As I lay back I again glanced skyward and saw a sign of a divine intelligence.

Across from me in the human circle around the fire were only a few others and people would typically come a go except for one or two others. One was a lean, long-haired mid-thirties man who sit almost motionless, who, later, would describe himself as a seeker. Another was a large, joyful woman that exuded confidence and power, who, while seated ramrod upright used her hands and arms to dance with the music. Both were beautiful. Both were real. 

I no longer felt the compulsion to stand. I was content to feel connected to both the earth and the cosmos. i felt their respected life forces of nurture and nature as originating from the same source of love. I lay back and closed my eyes as the music fell over me like a warm blanket on this cool night. Yet, I still wanted to see more. 

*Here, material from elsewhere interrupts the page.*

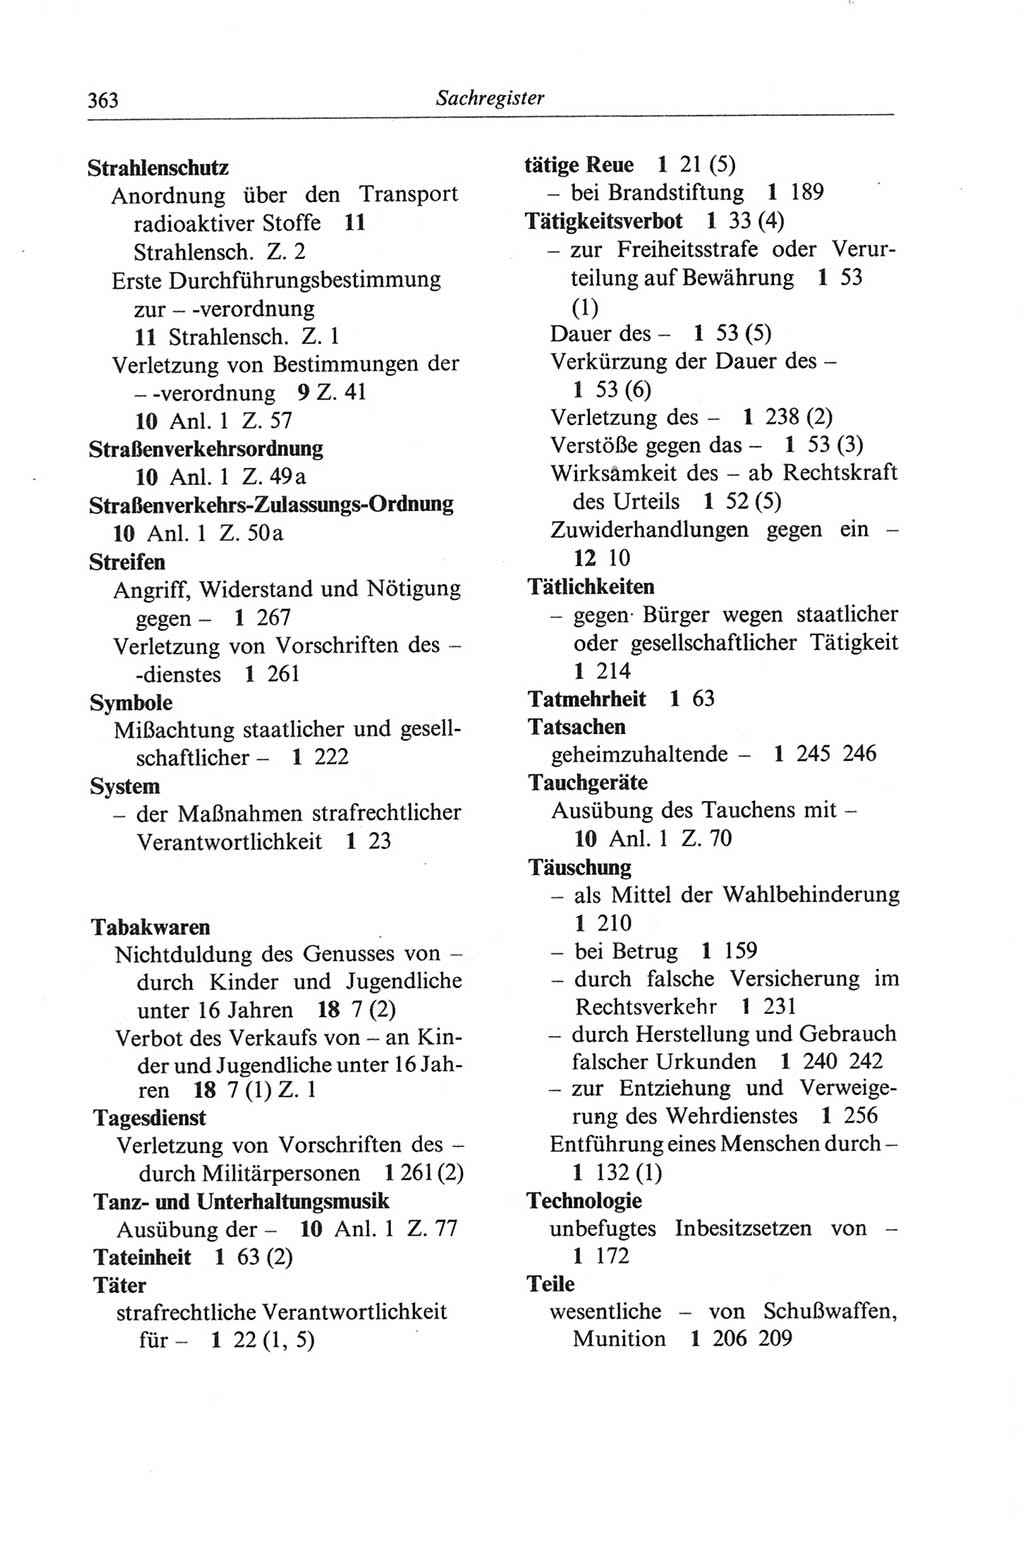 Strafgesetzbuch (StGB) der Deutschen Demokratischen Republik (DDR) und angrenzende Gesetze und Bestimmungen 1968, Seite 363 (StGB Ges. Best. DDR 1968, S. 363)
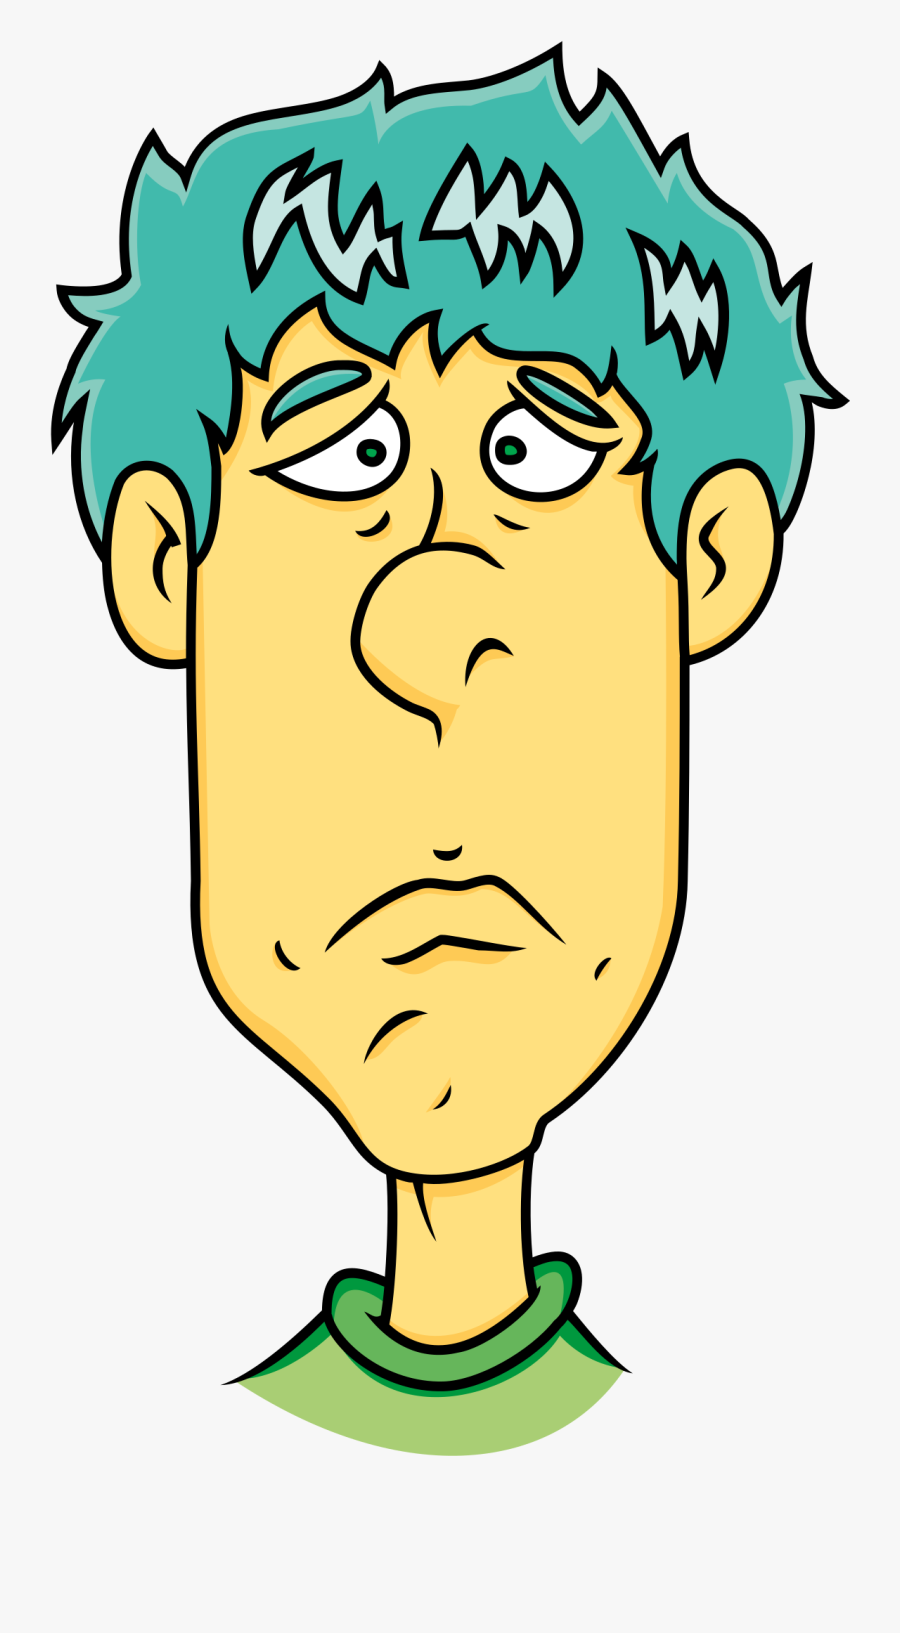 Face Of Sad Man - Cartoon Clipart Sad Man, Transparent Clipart

I still wanted to see a deity or, at least some visual sign of superior life force or intelligence. When I opened my eyes and next glanced at the sky I saw none of the ever-present airplanes traveling to and fro over this well travelled city. it took a moment before I saw what appeared to me as an alignment of the stars. I took another moment before I noticed all the stars were shaped like a necklace. I thought this was another illusion but one that I felt that I could embrace as a sign of a divine intelligence. 

I also realized that this world is not real, at least in the physical sense of reality.

Quantum mechanics says that reality is what we choose it to be. A photon, the smallest discrete amount or quantum of electromagnetic radiation, can act like a bullet-like particle or a rippling wave and that it’s configuration isn’t predetermined. Even time is not how we were raised to think of it. So who is to say what is real and what isn’t?

Today turned my sense of reality upside down. It made me realize that there is so much to learn from this precious world. I don’t know what I don’t know except it is likely more that I know now. So it isn’t a leap for me to see myself as an insignificant part of the natural world or to appreciate that I’ve experienced infinite love today.